本公开实施例提供一种向量化译员的翻译个性特征的方法及装置,所述方法包括:基于多位译员的历史翻译语料构建双语样本集;将双语样本集输入至词向量模型中,输出词向量;将所述双语样本集中的每对双语语料样本和对应的词向量输入至基于LSTM网络的编码器模型和解码器模型中进行训练;将每位译员自身的双语语料集输入至训练完成的LSTM网络中进行训练,保持编码器模型参数不变,获得译员对应的LSTM网络;基于译员对应的LSTM网络中解码器模型的参数生成译员向量。本公开实施例不需要对译员的个性特征进行筛选,也无须对样本数据进行人工标注,训练成本低、精度高,所获得的译员向量能够准确客观地反映译员的翻译个性特征。

Description

向量化译员的翻译个性特征的方法及装置
交叉引用
本申请引用于2018年12月21日提交的专利名称为“向量化译员的翻译个性特征的方法及装置”的第2018115708834号中国专利申请,其通过引用被全部并入本申请。
技术领域
本公开实施例涉及自然语言处理技术领域,更具体地,涉及一种向量化译员的翻译个性特征的方法及装置。
背景技术
随着人工智能的发展,机器翻译的质量不断的提高,基于机器翻译的后编辑成为了译员翻译的一种新趋势。在很多时候,不同的译员对同一句原文的翻译存在着或多或少的不同,例如存在着措辞用句上的差异。这种差异与每个译员的个人特征属性相关,其中包括:年龄、性别、生活地域、性格、社会背景、教育经历,以及个人经历等。通过理解个人特征属性对译员翻译偏好差异的影响,可以更好地为译员提供更加个性化的辅助翻译,从而提升译员的翻译工作效率。

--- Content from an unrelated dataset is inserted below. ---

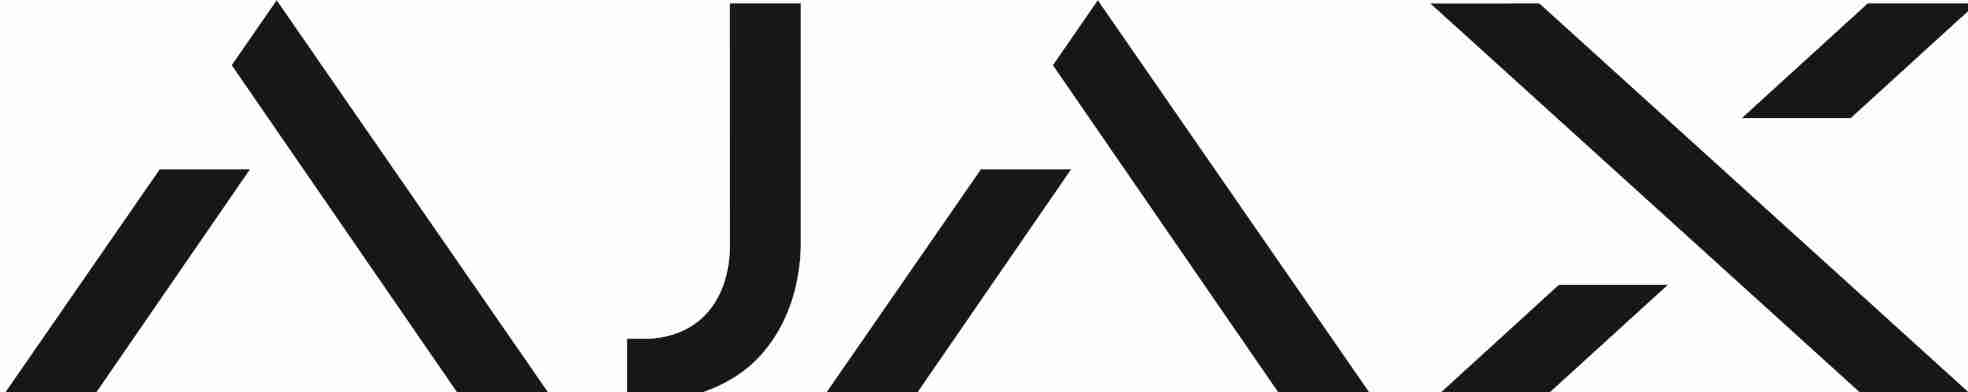 Ajax System Logo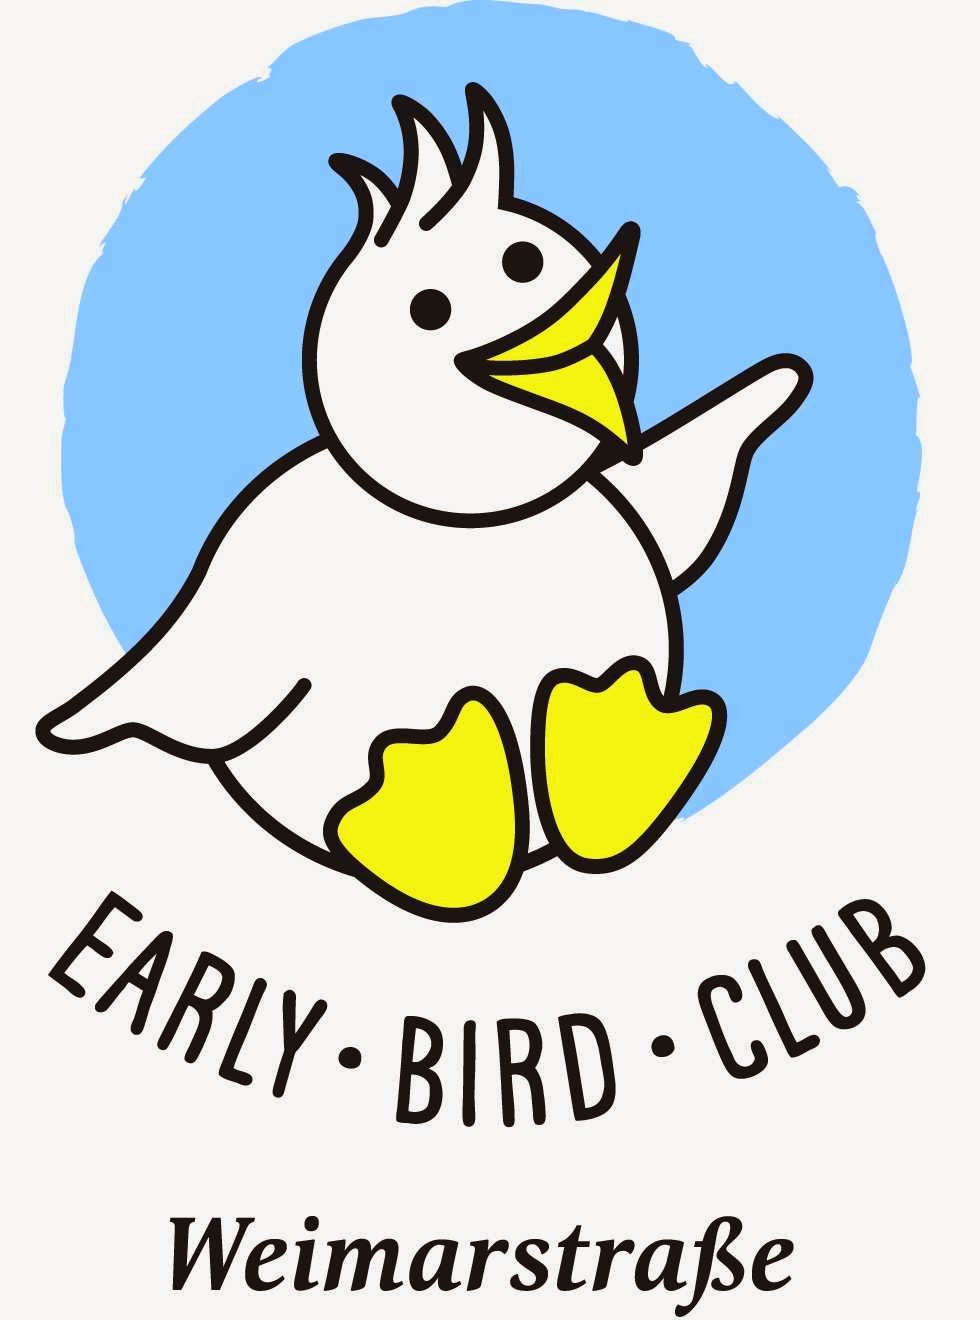 Bird club. Early Bird.

例如,在后编辑模式下,辅助翻译工具调用机器翻译引擎结果给出一个翻译初稿,再由专业的翻译人员在此基础上进行审校和编辑,产生高质量的译文结果。当考虑了译员在翻译上的个性化特征,辅助翻译工具可以从多个机器翻译引擎译文中选取一个译员最偏爱的结果,这往往能够减少译员后编辑的工作量;反之,当译员获得一个非个性化推荐的译文时,她/他往往需要花更多时间和精力来进行后编辑工作以达到个人满意的翻译结果。类似地,在翻译稿件自动派单以及术语语料提示等方面,引入译员个性化的特征也能够起到比较积极的作用。
然而,在构建个性化的辅助翻译前,需要考虑的一个问题是如何去量化每个译员的个人特征属性。传统的做法是人工打标签的方式显示地标注译员个人特征属性,并利用监督型机器学习的算法去构建相关的模型。然 而这种方法有两个明显的缺点:一是客观且全面地反映出一个译员个性需要筛选出一些相关度高的个人特征,并不是一件容易的事情;二是人工标注数据集是一项耗时耗力的工作并且成本非常高。
发明内容
本公开实施例提供一种克服上述问题或者至少部分地解决上述问题的向量化译员的翻译个性特征的方法及装置。
第一方面,本公开实施例提供一种向量化译员的翻译个性特征的方法,包括:
选取T位译员,从每位译员所翻译过的历史语料中选取M对双语语料样本构建译员自身的双语语料集,所有译员自身的双语语料集组成双语样本集,并对所述双语样本集进行预处理;
将经过预处理的所述双语样本集中的双语语料样本逐一输入至词向量模型中,输出所述双语语料样本对应的词向量;
将所述双语样本集中的每对双语语料样本和对应的词向量输入至基于LSTM网络的编码器模型和解码器模型中进行训练,获得训练完成的LSTM网络;
将每位译员自身的双语语料集中的双语语料样本逐一输入至所述训练完成的LSTM网络中进行训练,保持所述训练完成的LSTM网络的编码器模型参数不变,获得所述译员对应的LSTM网络;
基于所述译员对应的LSTM网络中解码器模型的参数,生成反映所述译员的翻译个性特征的译员向量;
其中,一对双语语料样本包括一个原文句子和一个译文句子;所述词向量模型是基于最新的维基百科的原文语料集和译文语料集,利用Skip-Gram算法训练获得的;T和M均为大于1的自然数。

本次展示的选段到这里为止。